ACTIVITY: This exercise calls for an exact copy of the listing, with no pictures kept.

DATA SHOWN:
━━━━━━━━━━
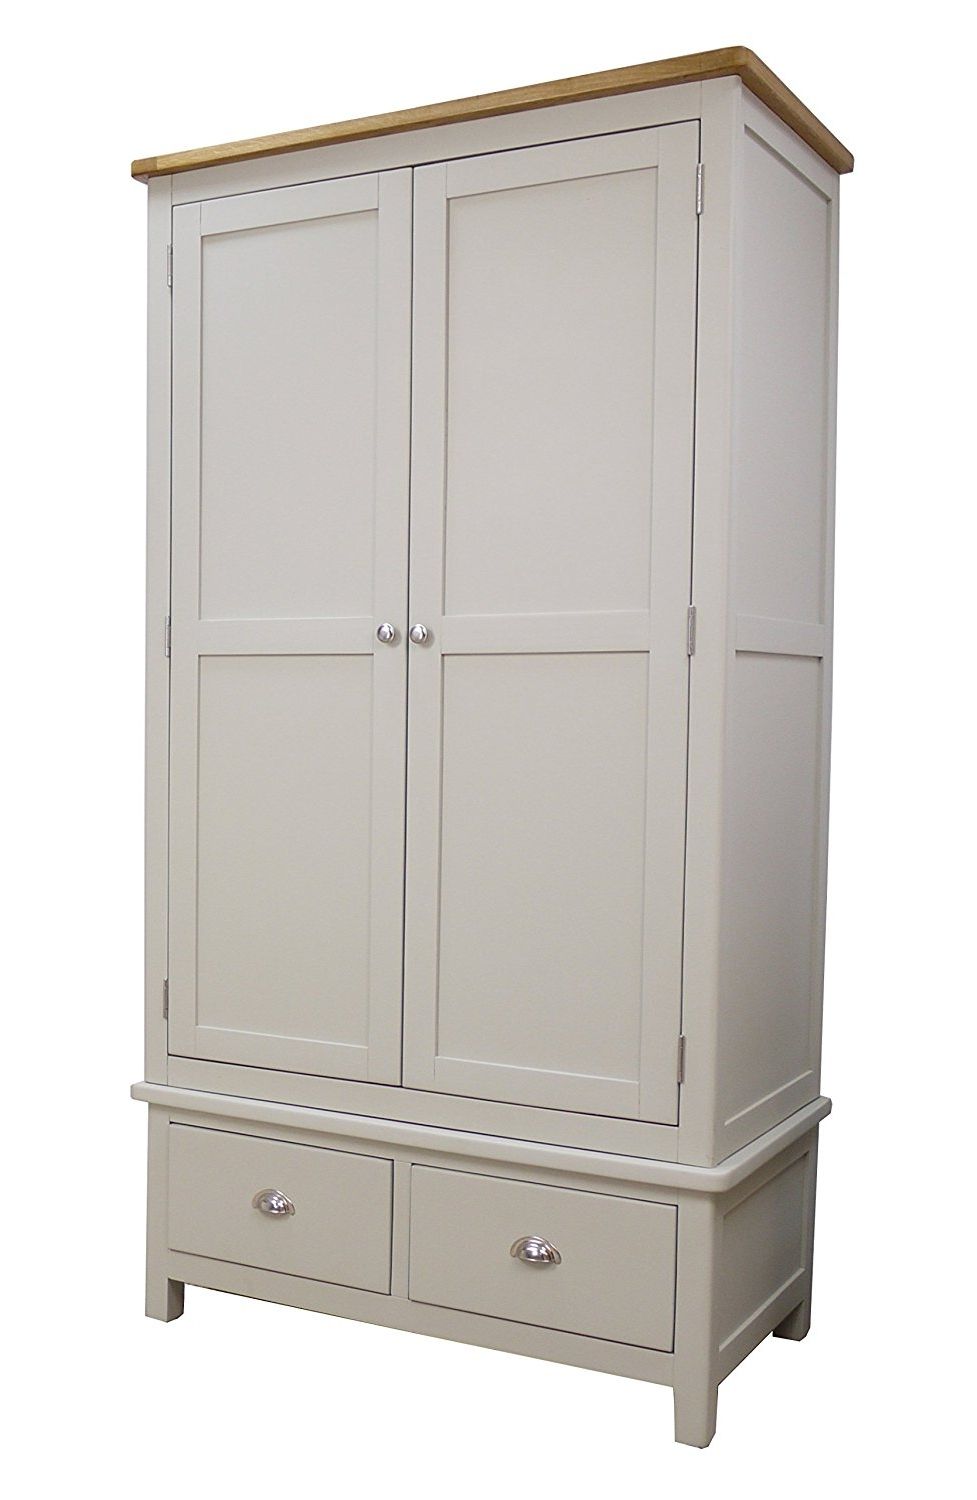 Cheap Wardrobes With Drawers For Preferred Solid Wood Wardrobes Cheap Sliding Wardrobe Doors Armoire You Must (View 9 of 15)
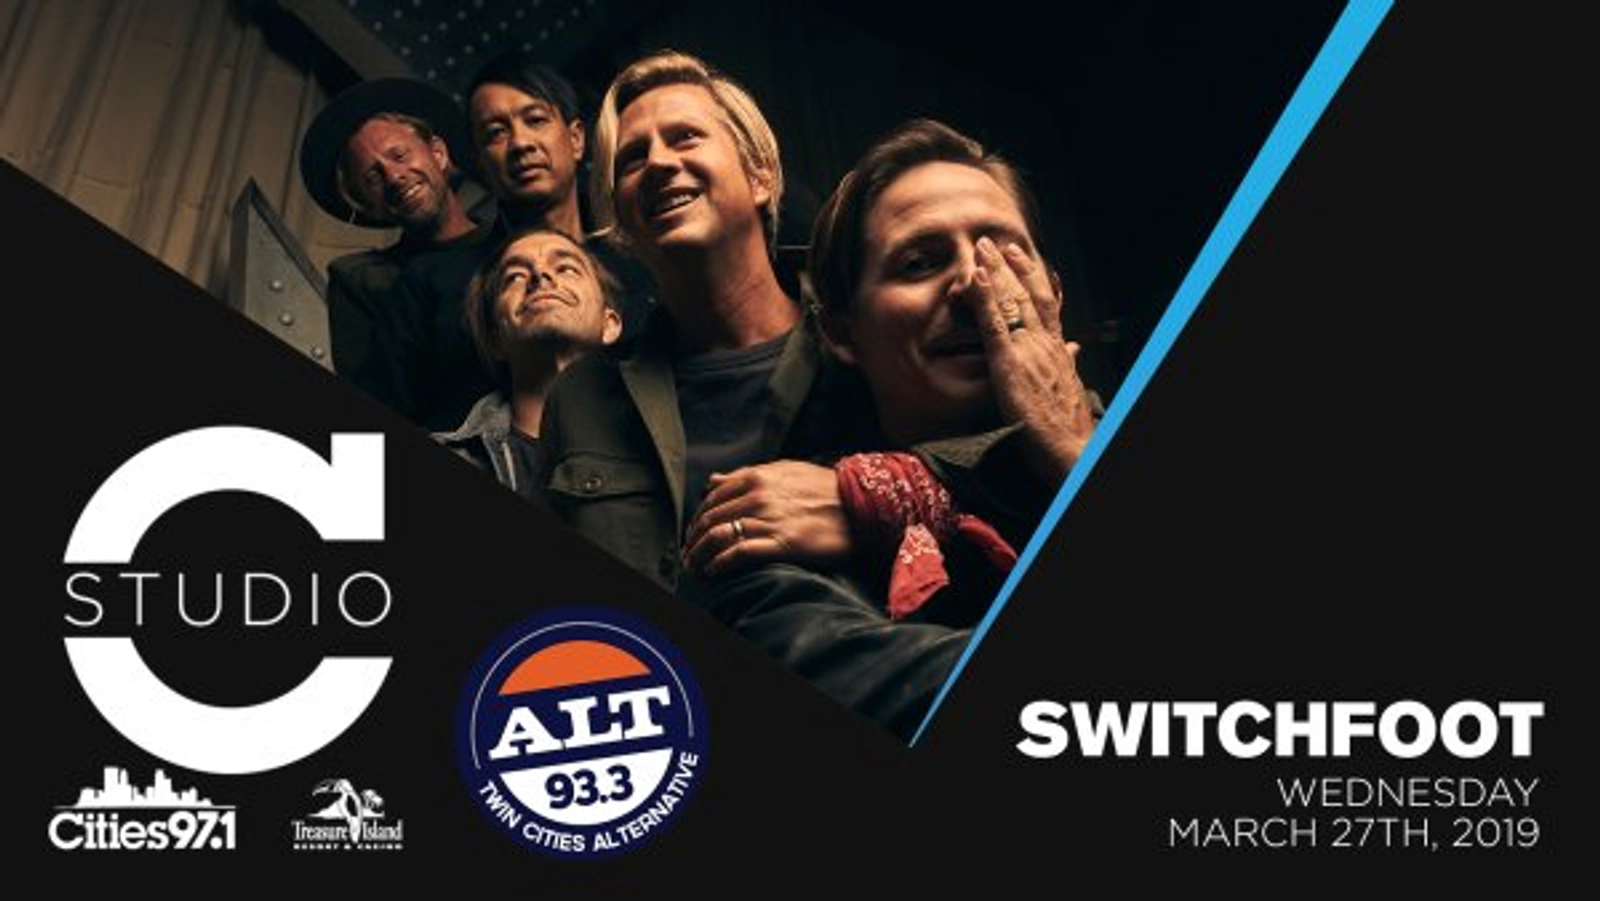 Enter to win Studio C passes to see Switchfoot! - Thumbnail Image
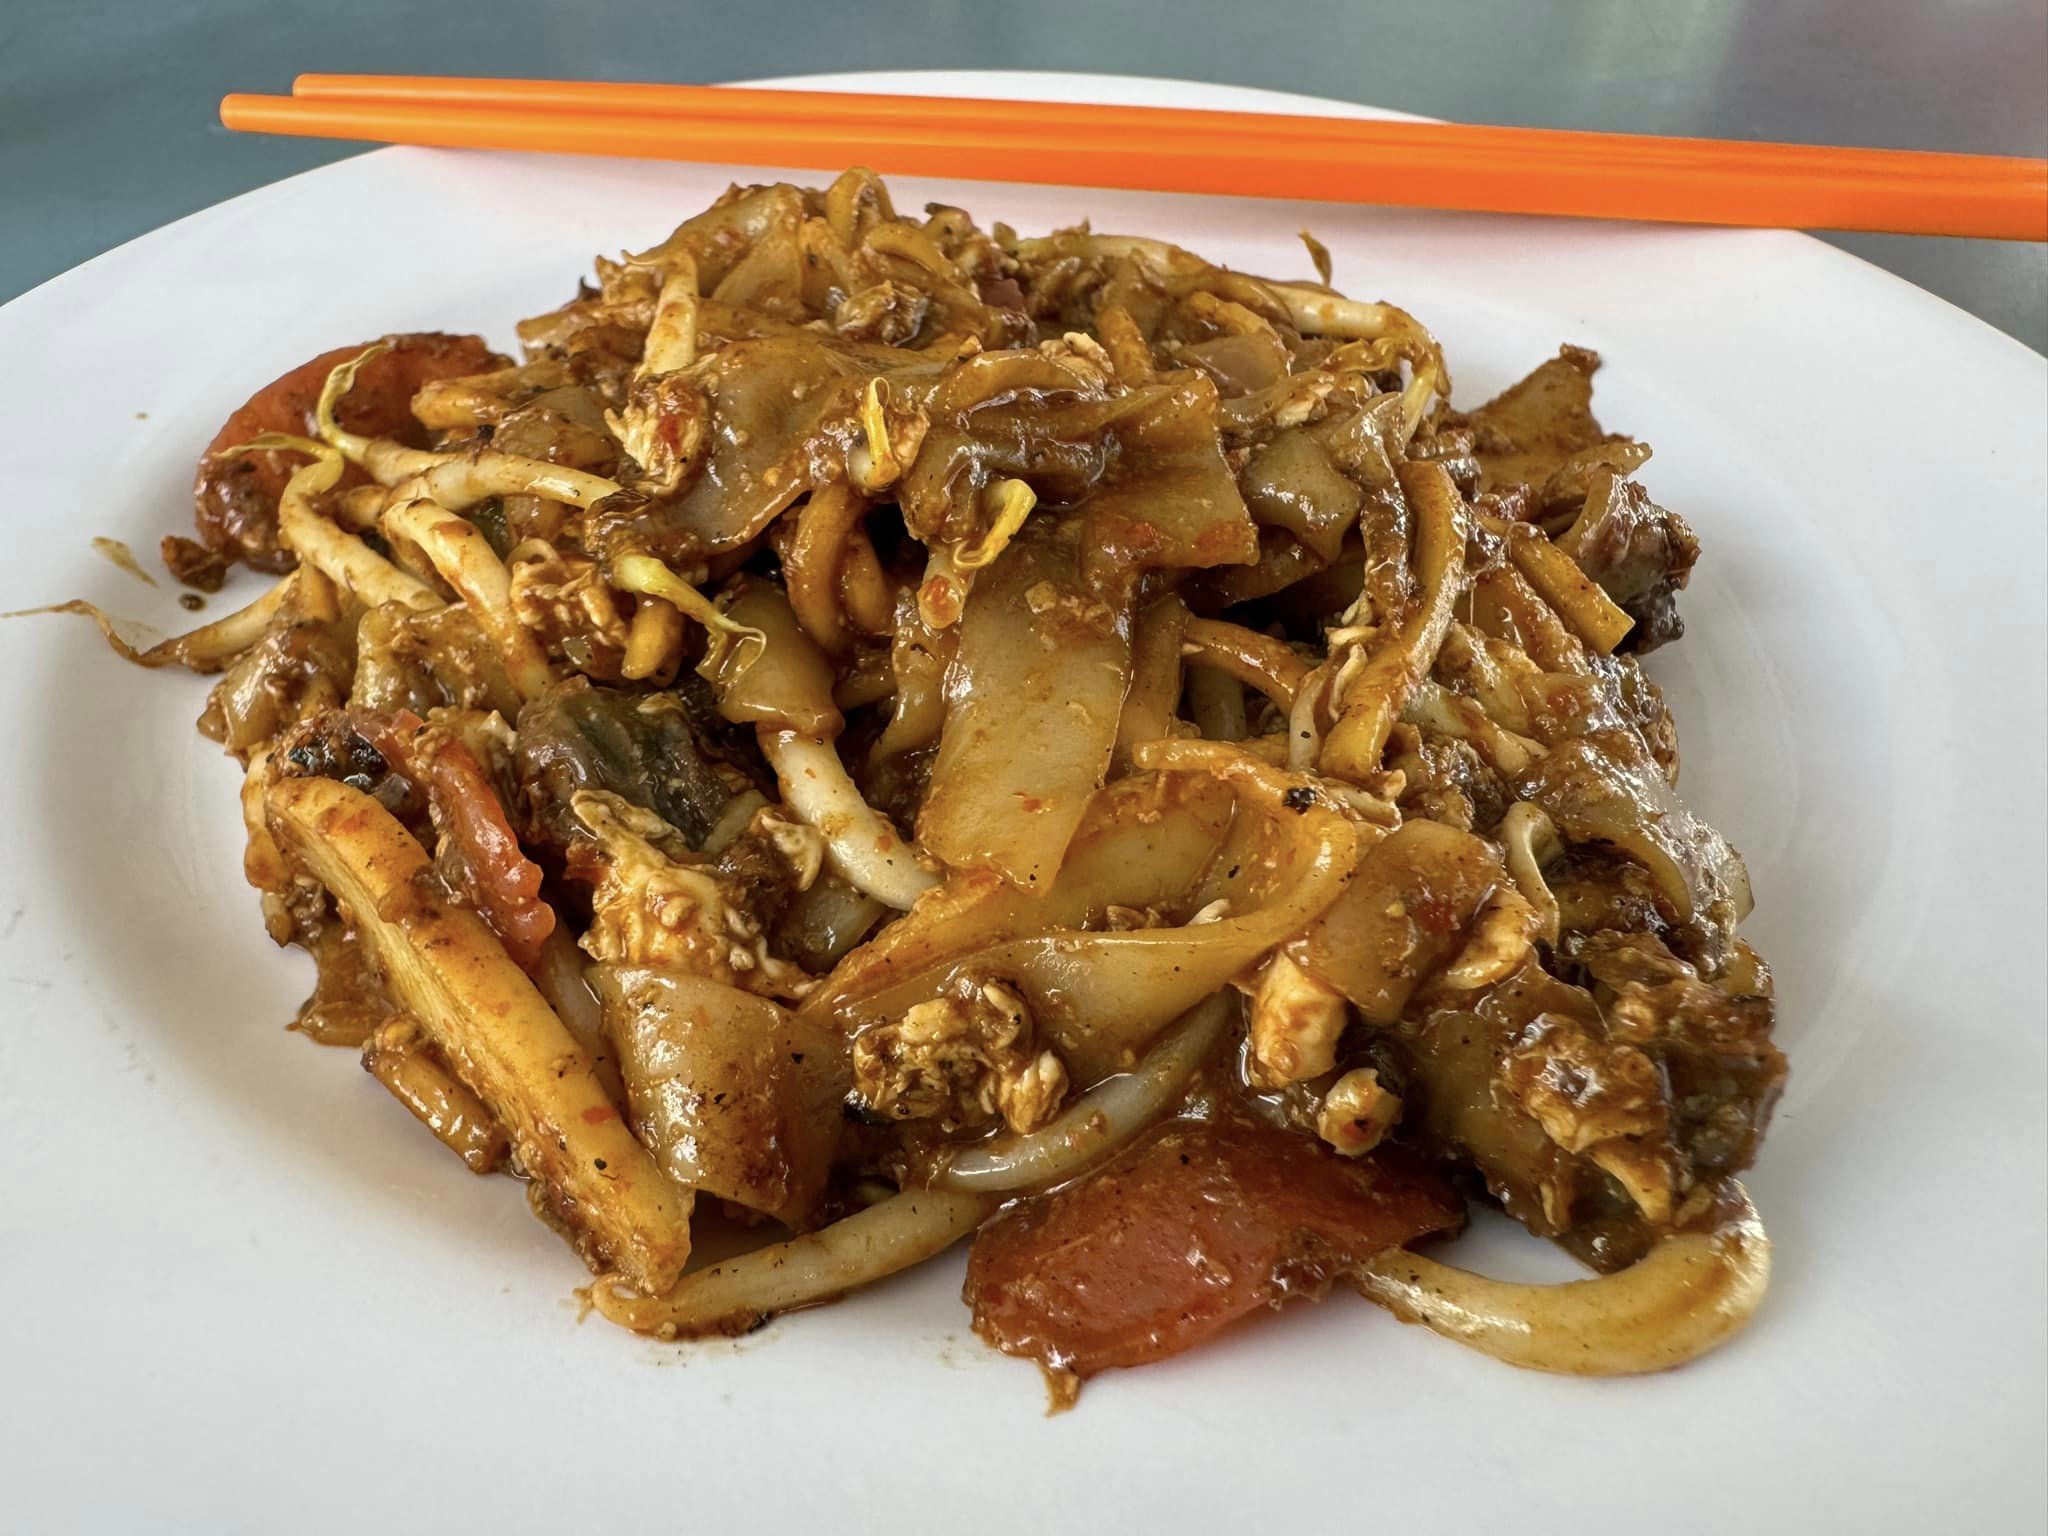 Joo Chiat Place Fried Kway Teow is Good
━━━━━━━━━━
WRITTEN RESPONSE:
 Cheap Wardrobes With Drawers For Preferred Solid Wood Wardrobes Cheap Sliding Wardrobe Doors Armoire You Must (View 9 of 15)
 Enter to win Studio C passes to see Switchfoot! - Thumbnail Image
 Joo Chiat Place Fried Kway Teow is Good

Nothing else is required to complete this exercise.